ACTIVITY – With the images removed, write out every line below exactly.

INFORMATION SHOWN –
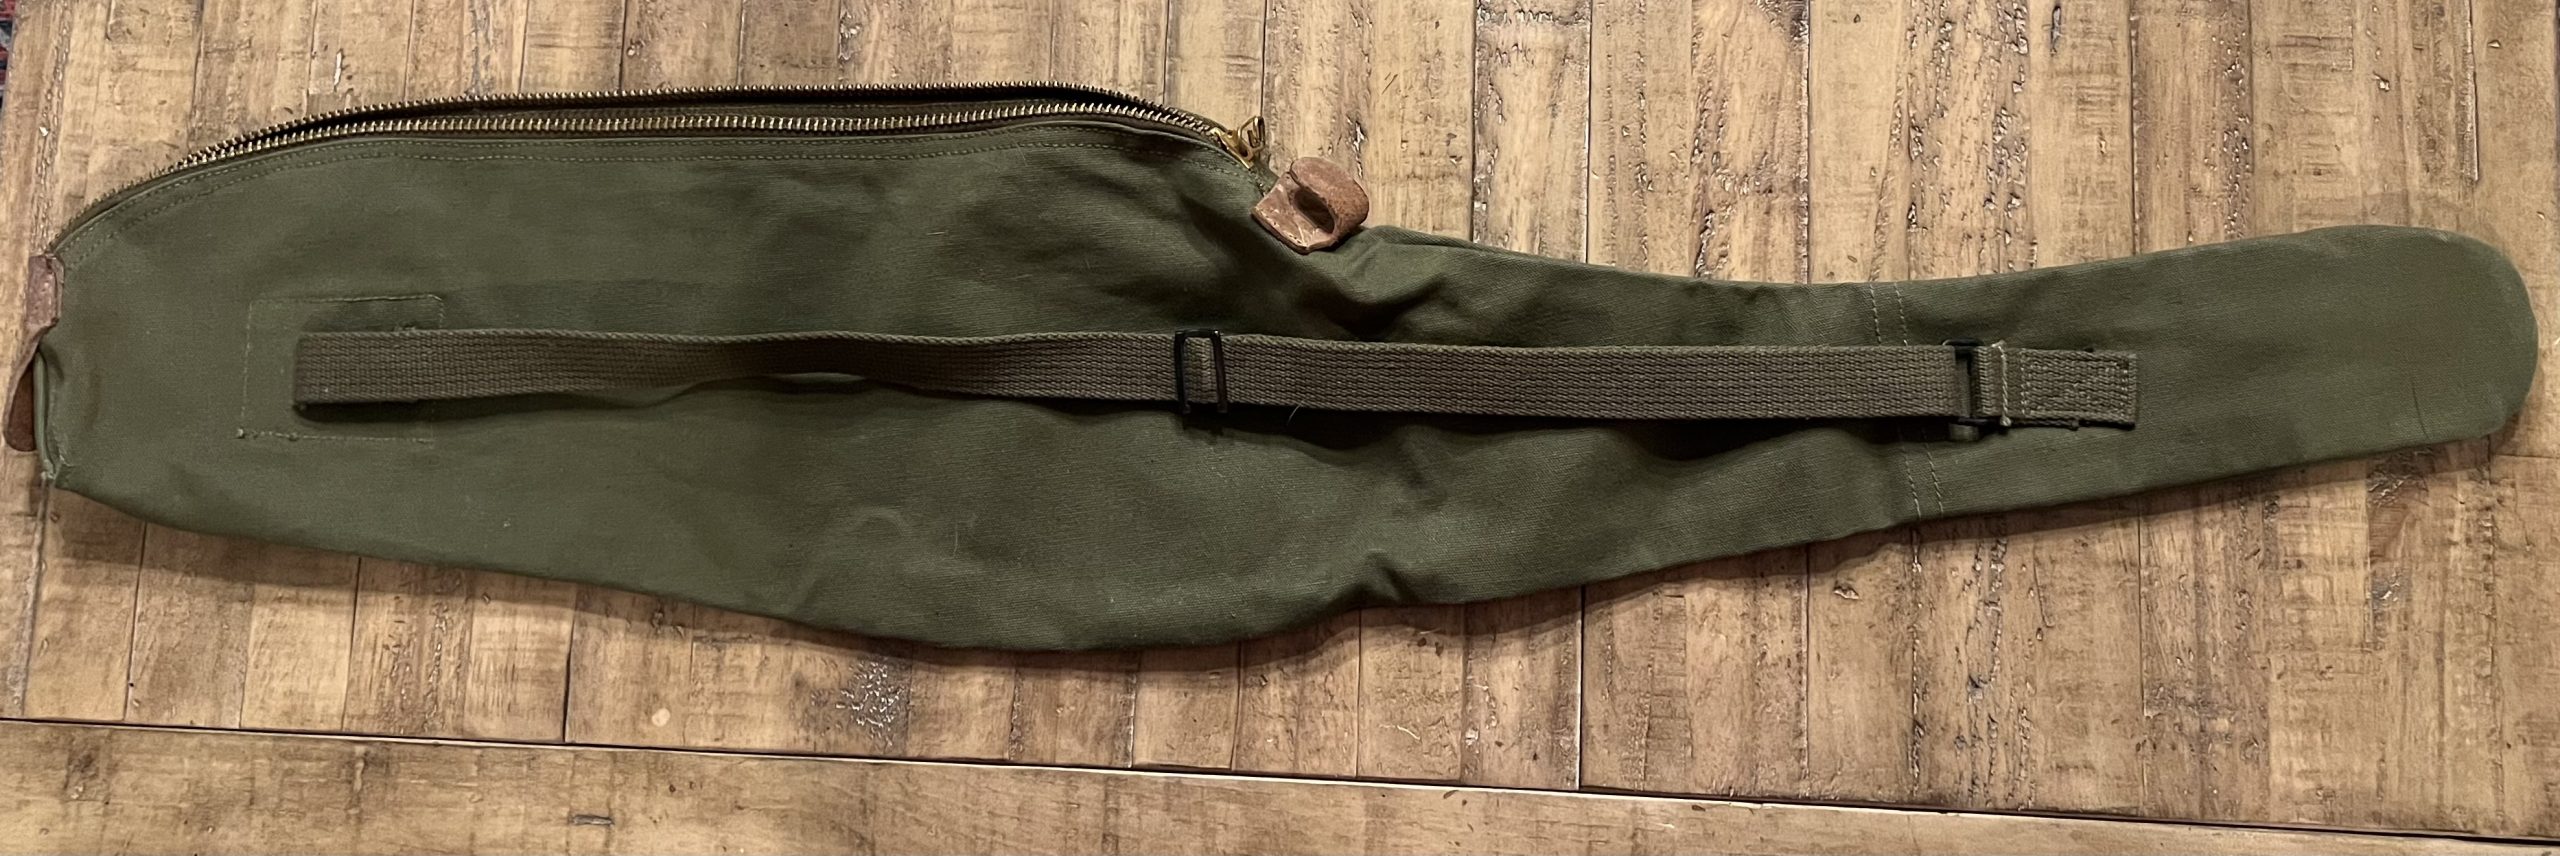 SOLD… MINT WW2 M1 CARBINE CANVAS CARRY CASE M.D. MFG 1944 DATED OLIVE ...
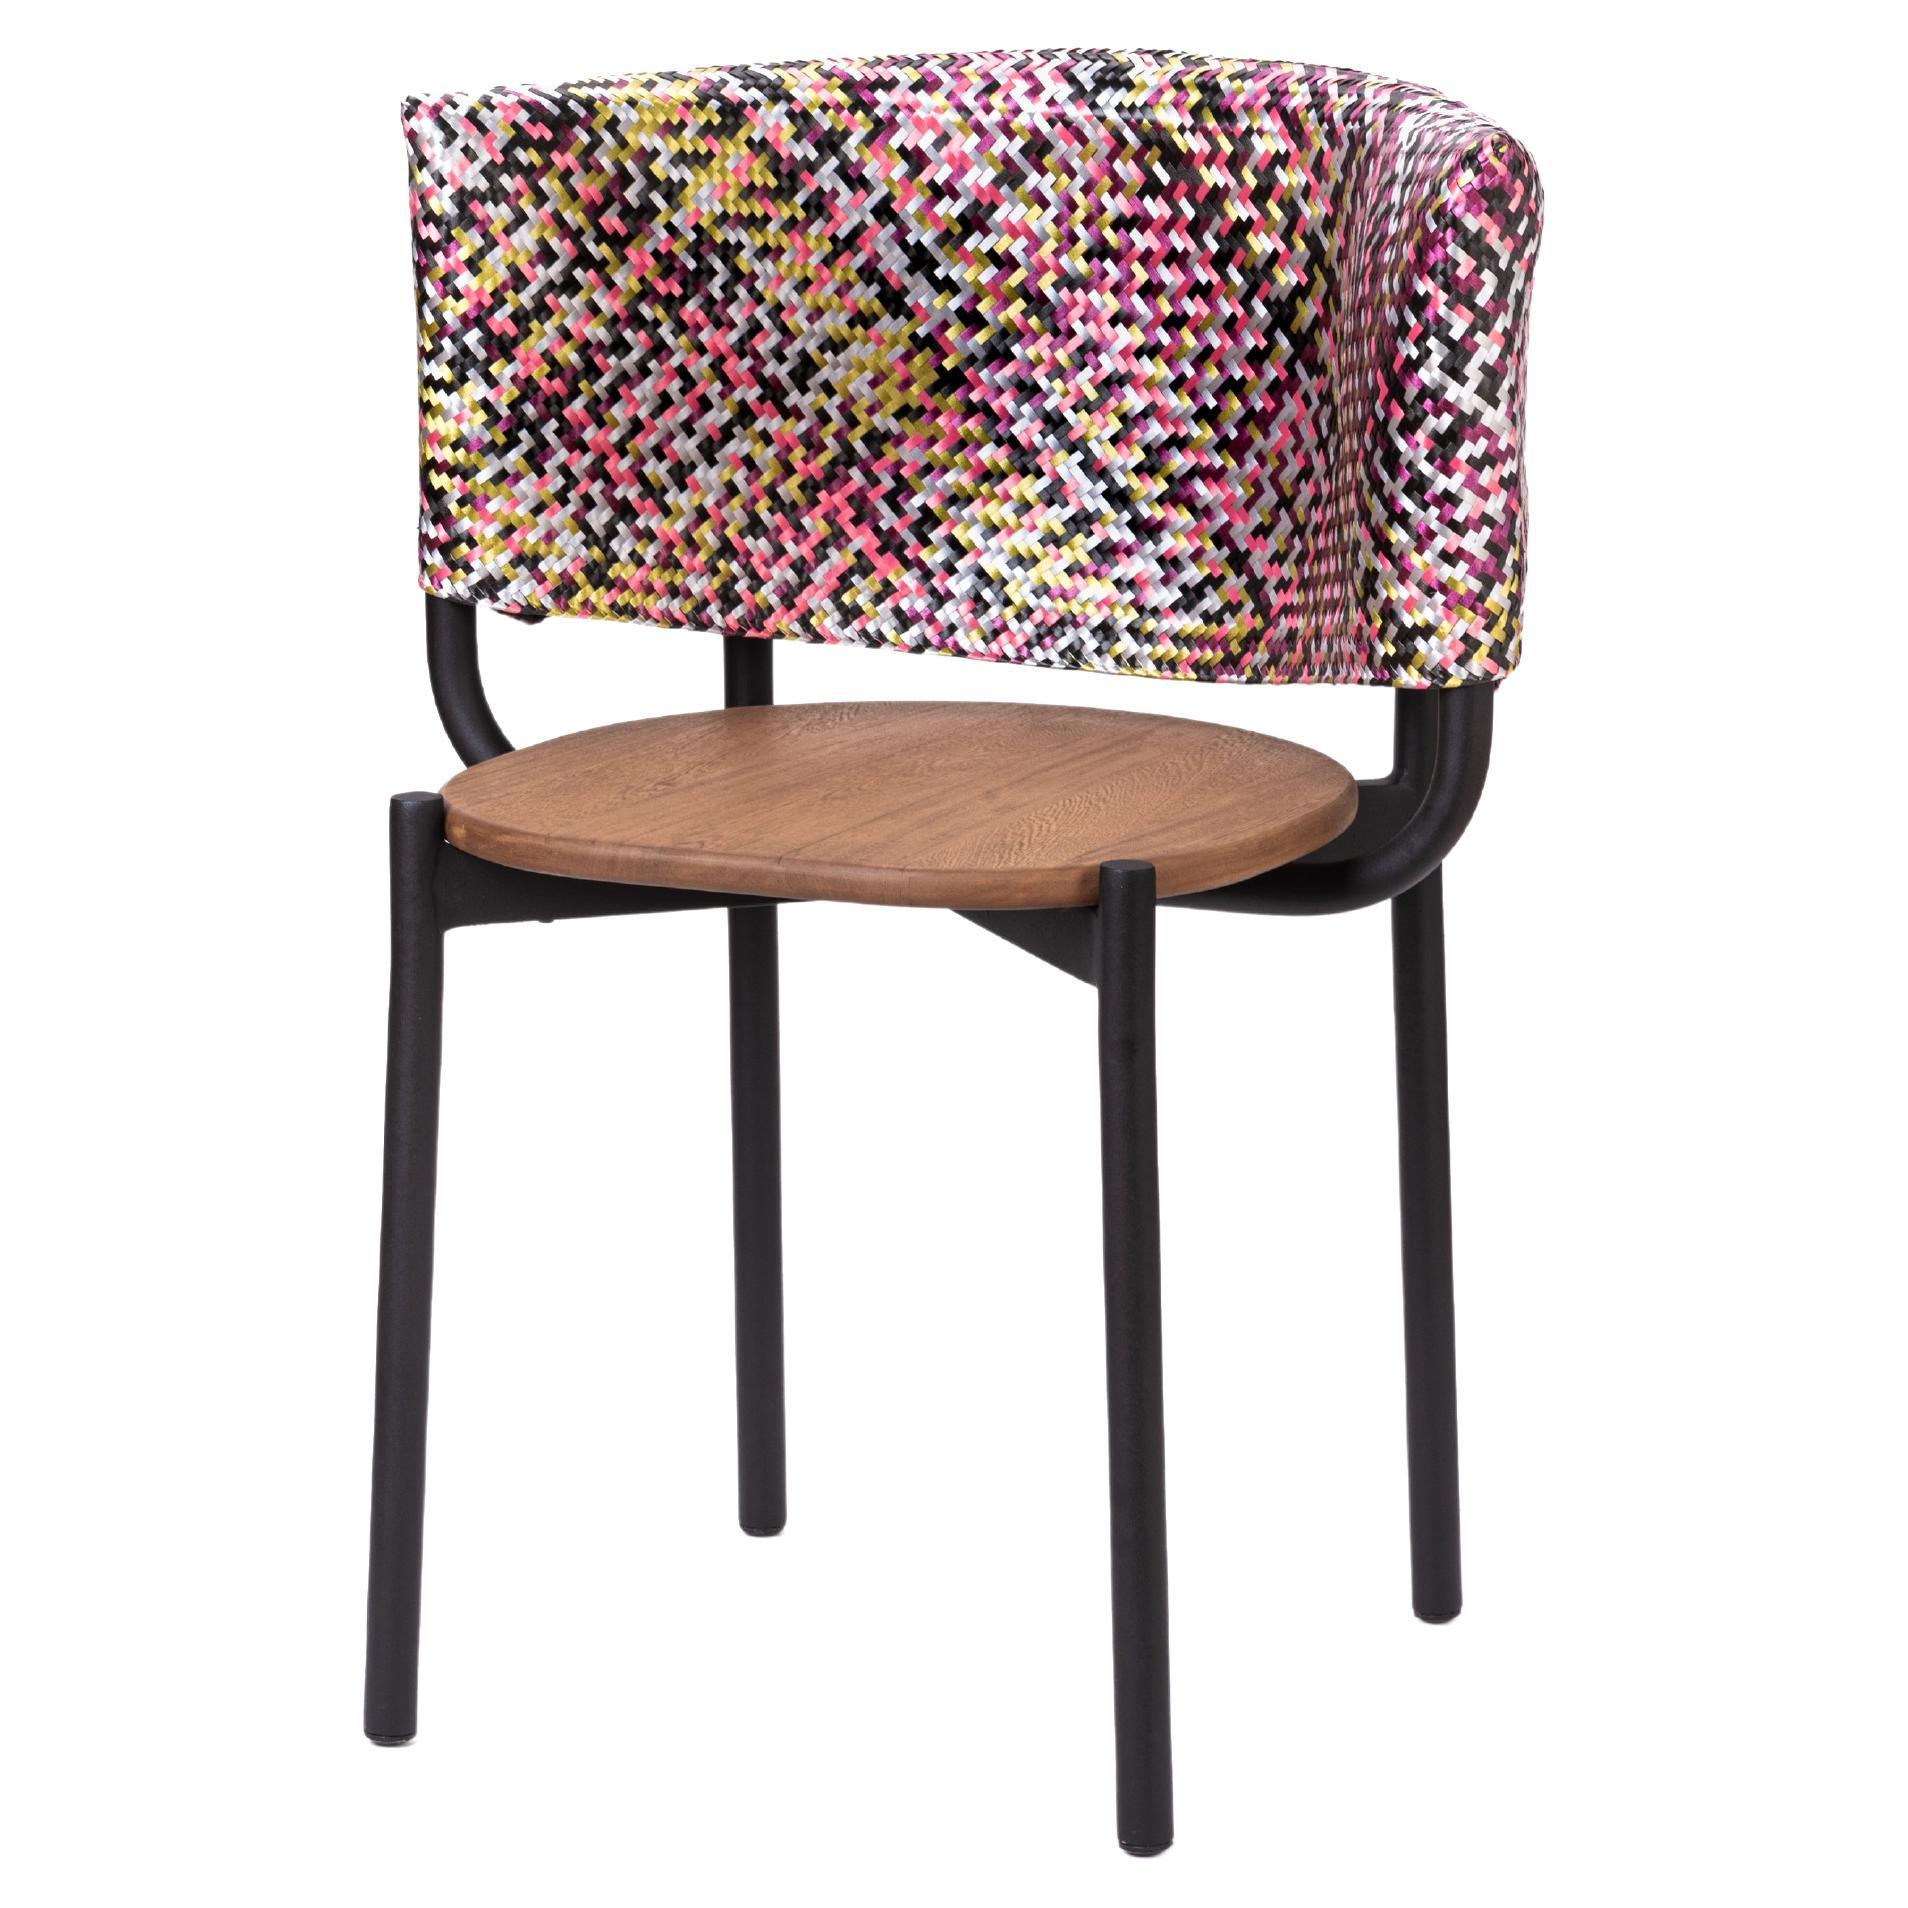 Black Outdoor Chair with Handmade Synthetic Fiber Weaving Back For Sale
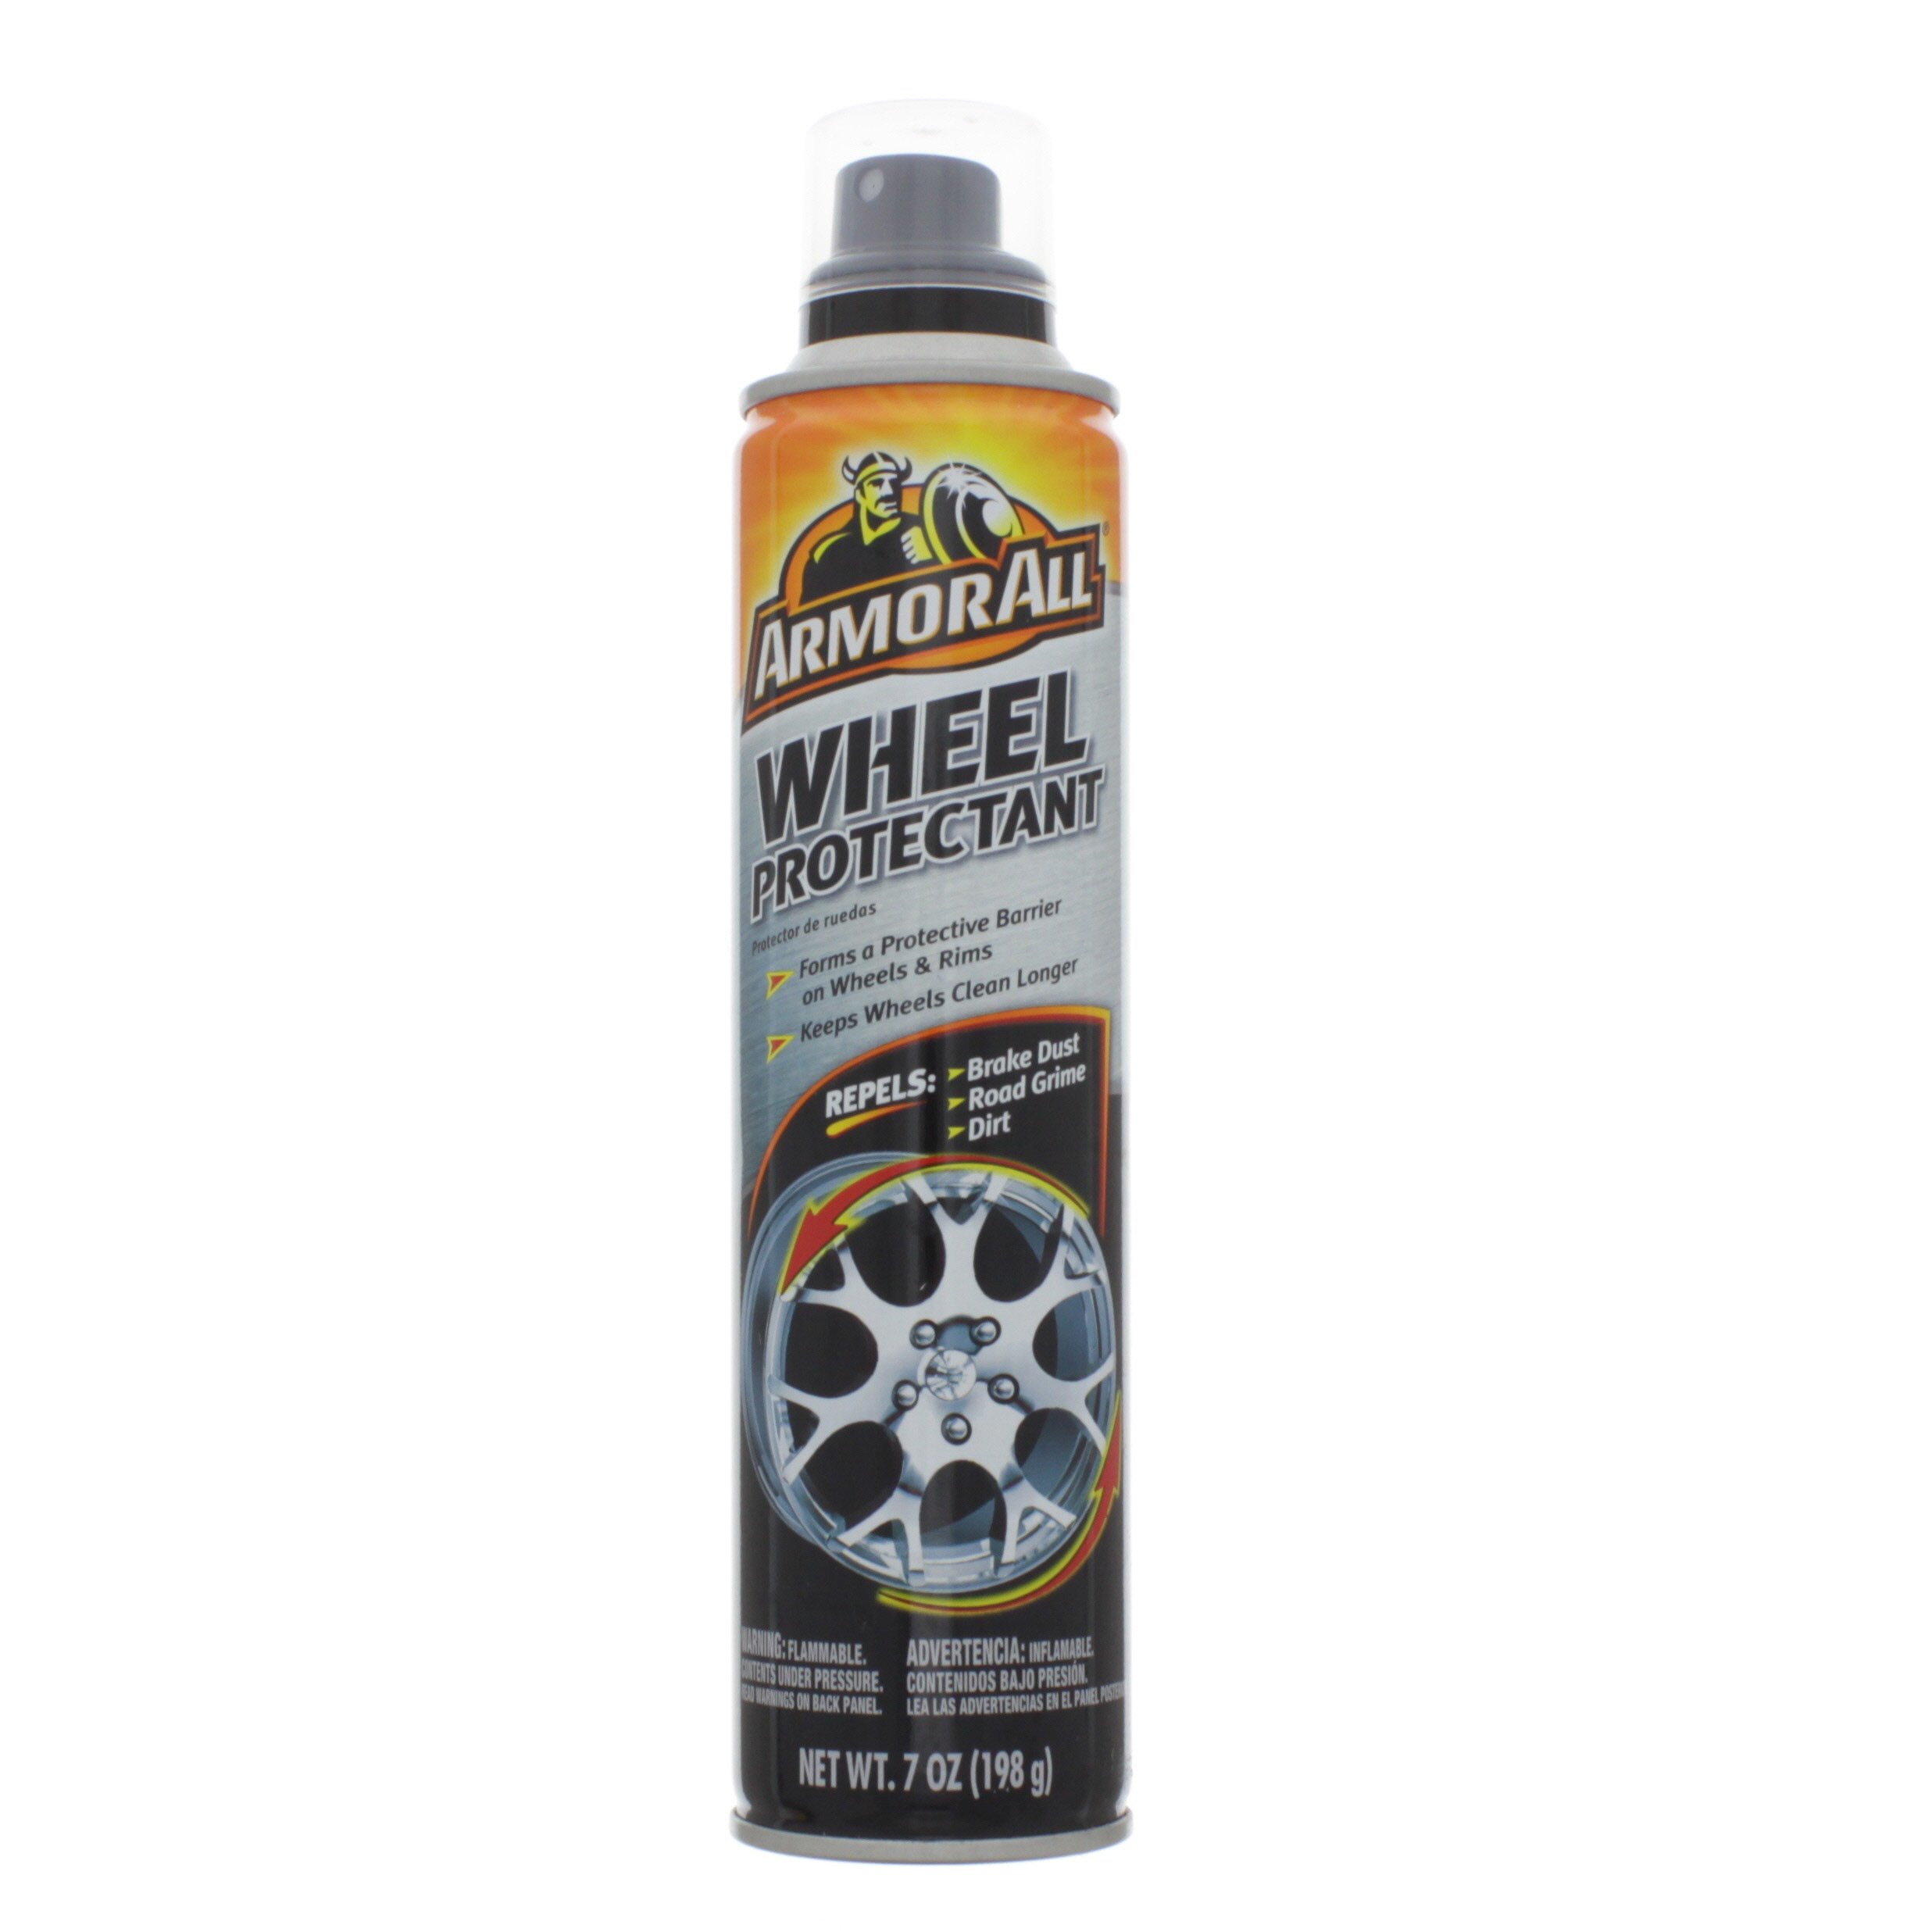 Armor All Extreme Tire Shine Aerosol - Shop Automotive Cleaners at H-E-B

SOLVED PROBLEM –
 SOLD… MINT WW2 M1 CARBINE CANVAS CARRY CASE M.D. MFG 1944 DATED OLIVE ...
 Black Outdoor Chair with Handmade Synthetic Fiber Weaving Back For Sale
 Armor All Extreme Tire Shine Aerosol - Shop Automotive Cleaners at H-E-B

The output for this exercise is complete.